Aim of the task
Your answer must be the exact lines below, starting with the line with "Sadie Courtney was" and going on through the line with "Scrabble Wall Art: Homemade", both included, with no pictures.

BEGIN Provided information

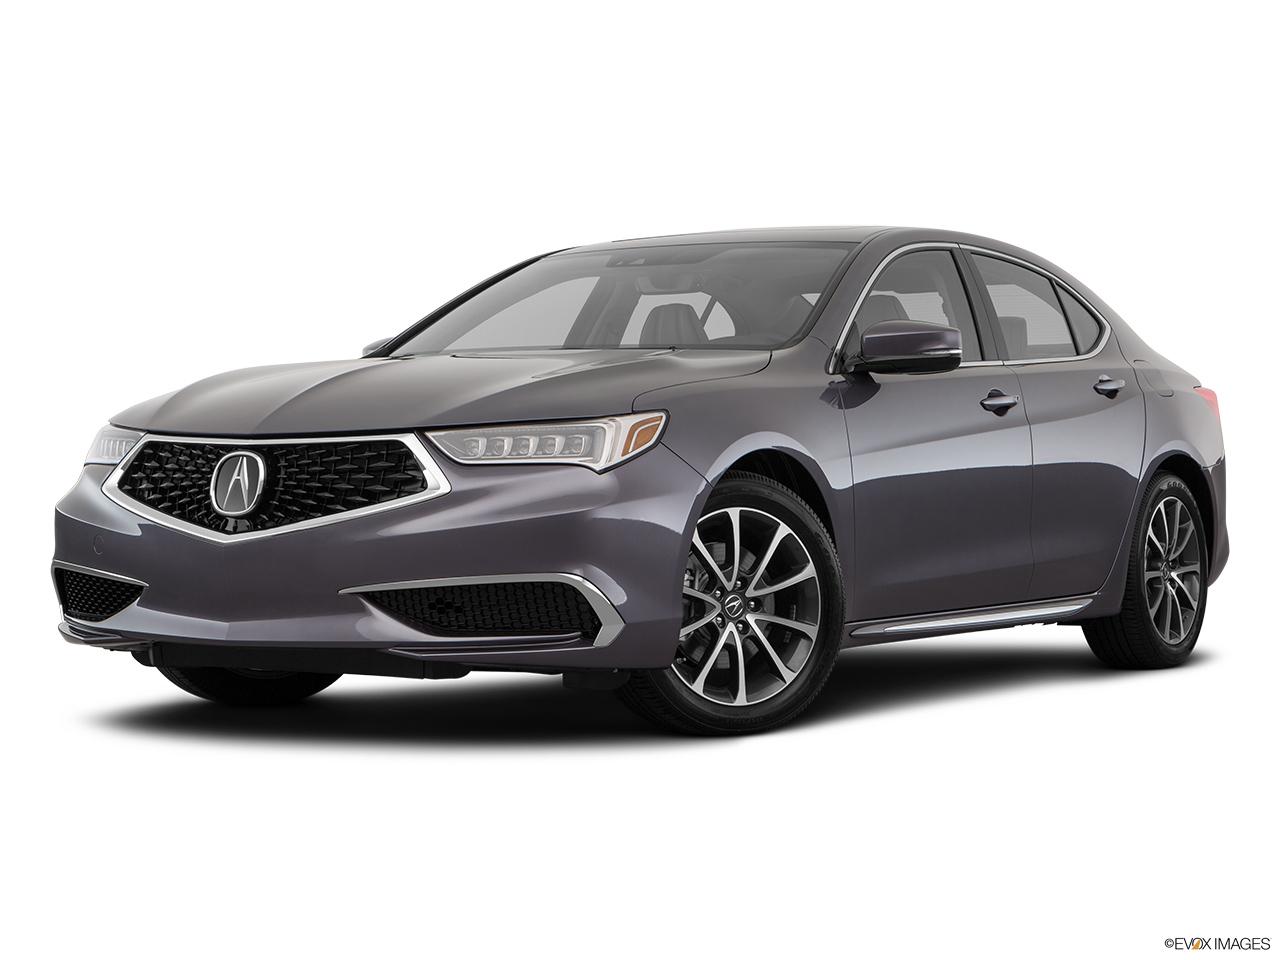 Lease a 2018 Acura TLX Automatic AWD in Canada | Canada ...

END Provided information
BEGIN Provided information

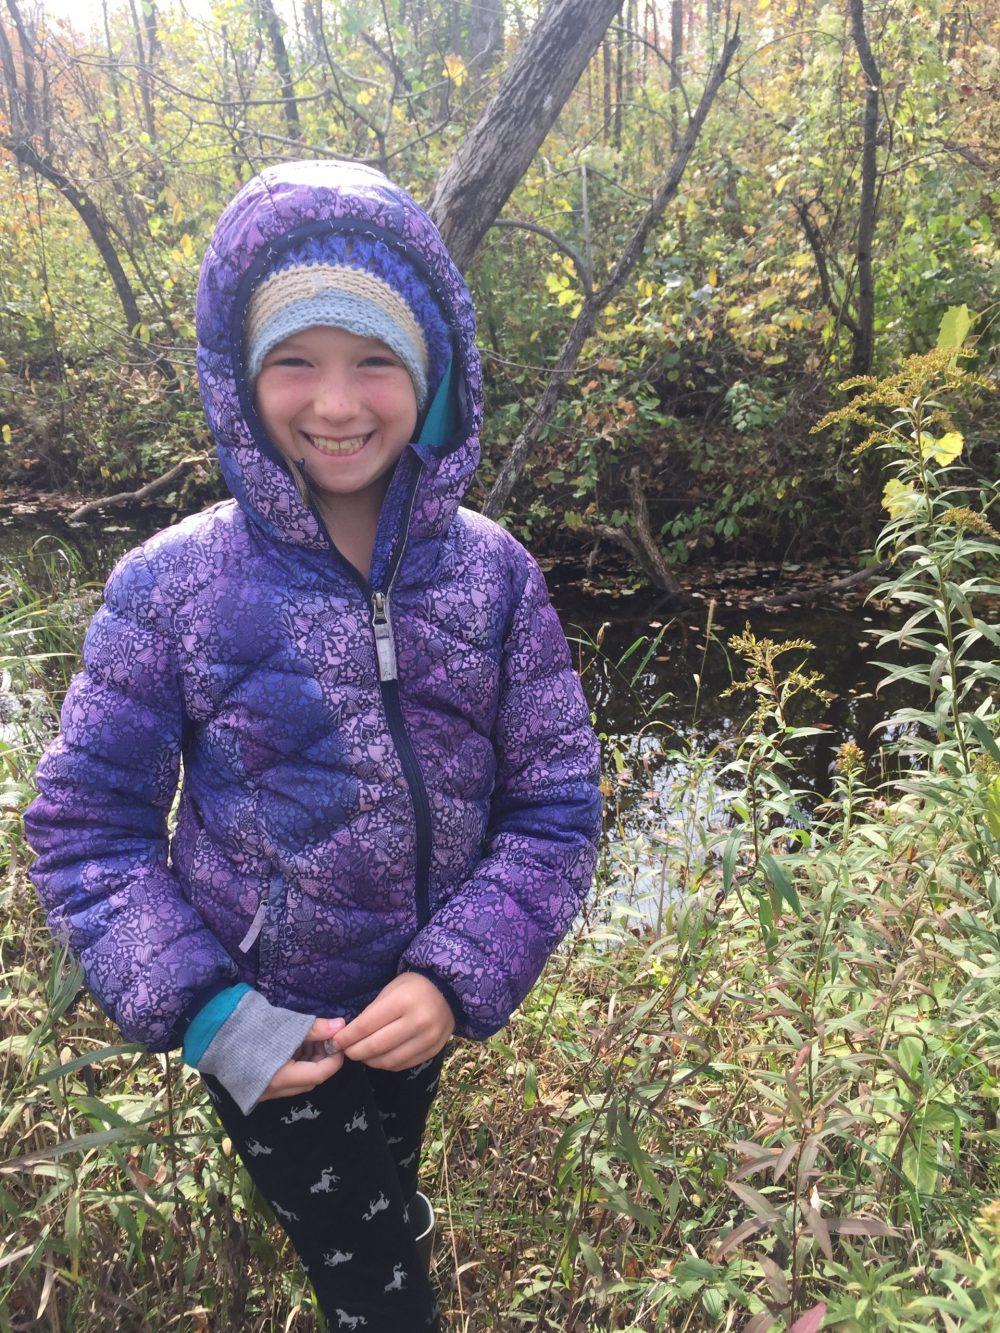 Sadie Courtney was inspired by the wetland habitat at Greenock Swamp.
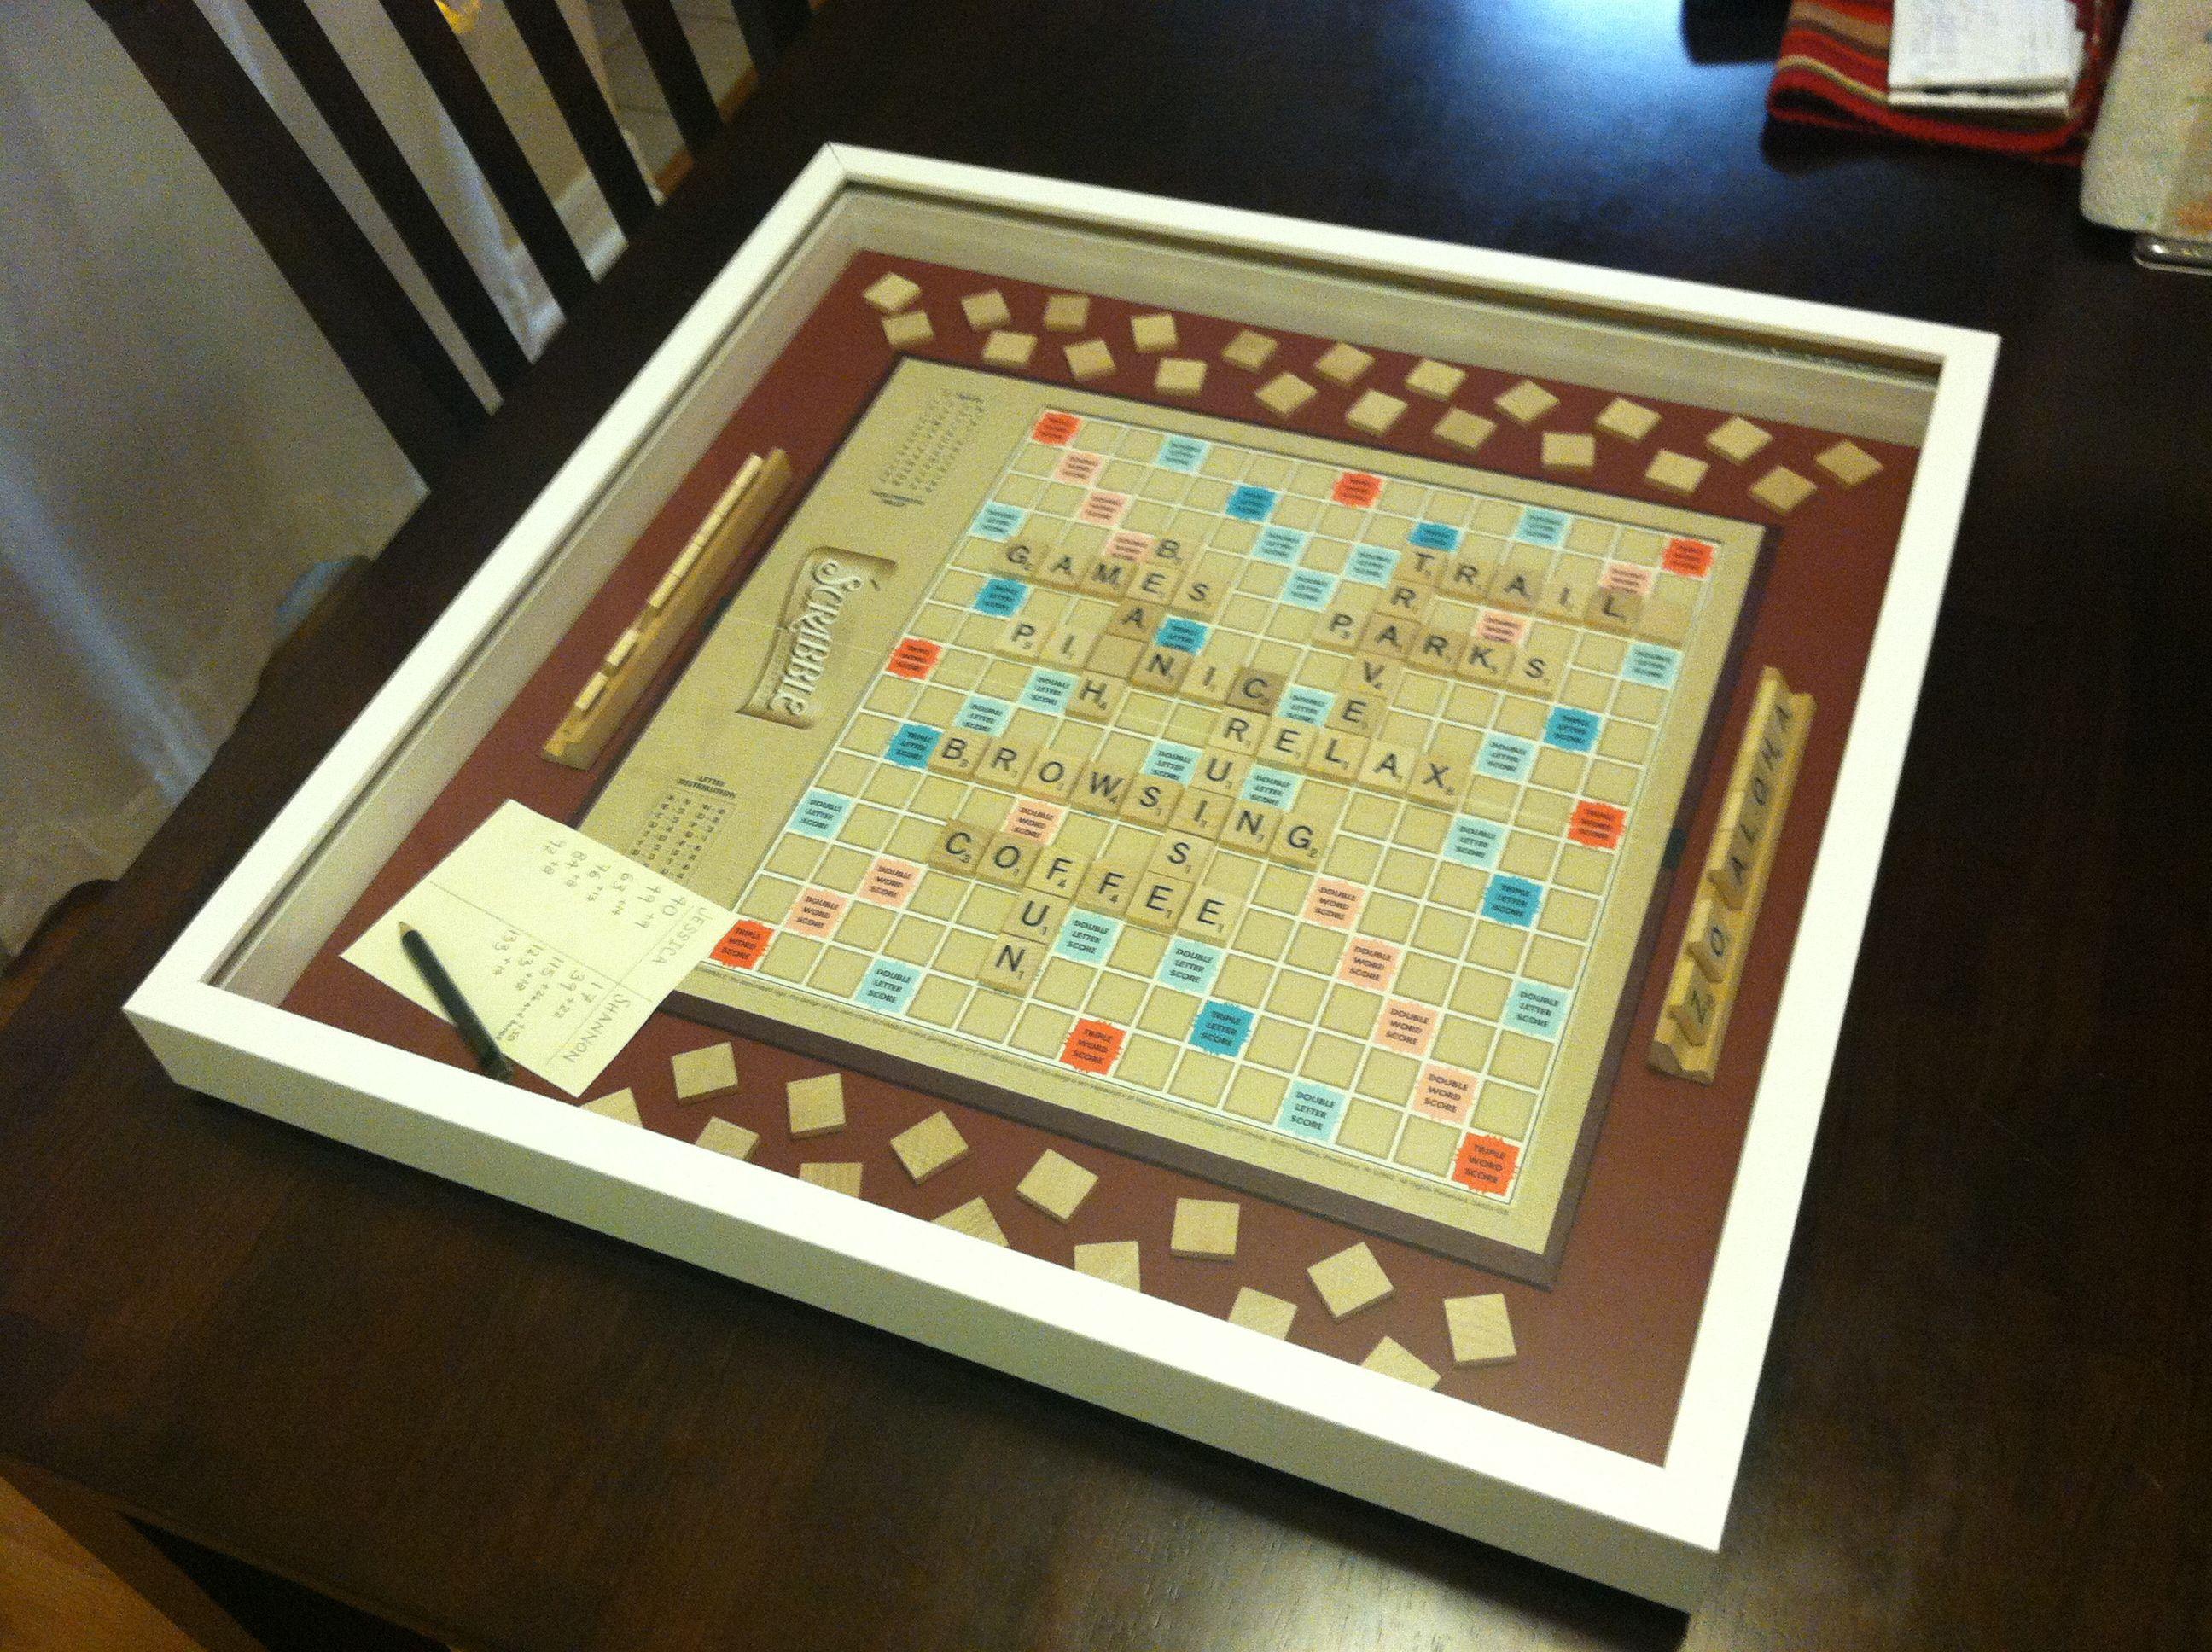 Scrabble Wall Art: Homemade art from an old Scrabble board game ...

END Provided information
BEGIN Provided information

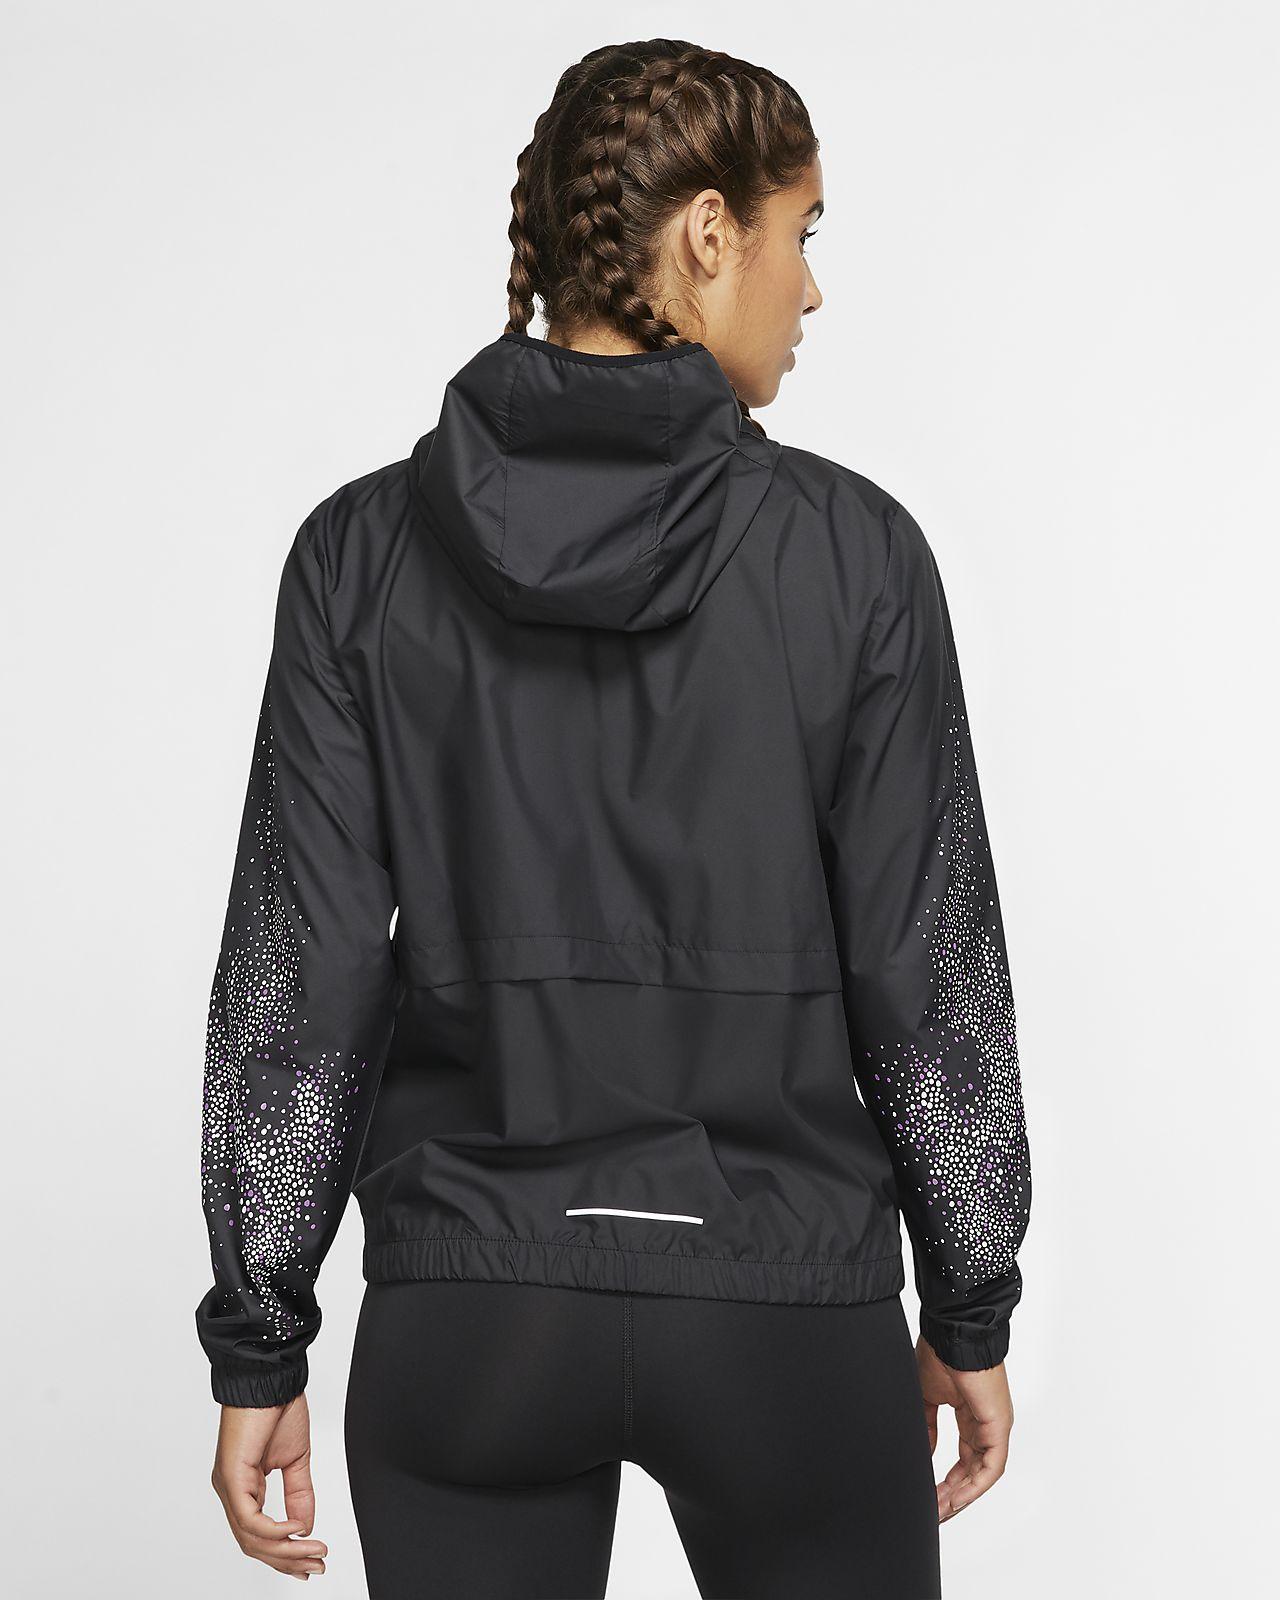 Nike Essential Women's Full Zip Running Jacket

END Provided information

Finished exercise
 Sadie Courtney was inspired by the wetland habitat at Greenock Swamp.
 Scrabble Wall Art: Homemade art from an old Scrabble board game ...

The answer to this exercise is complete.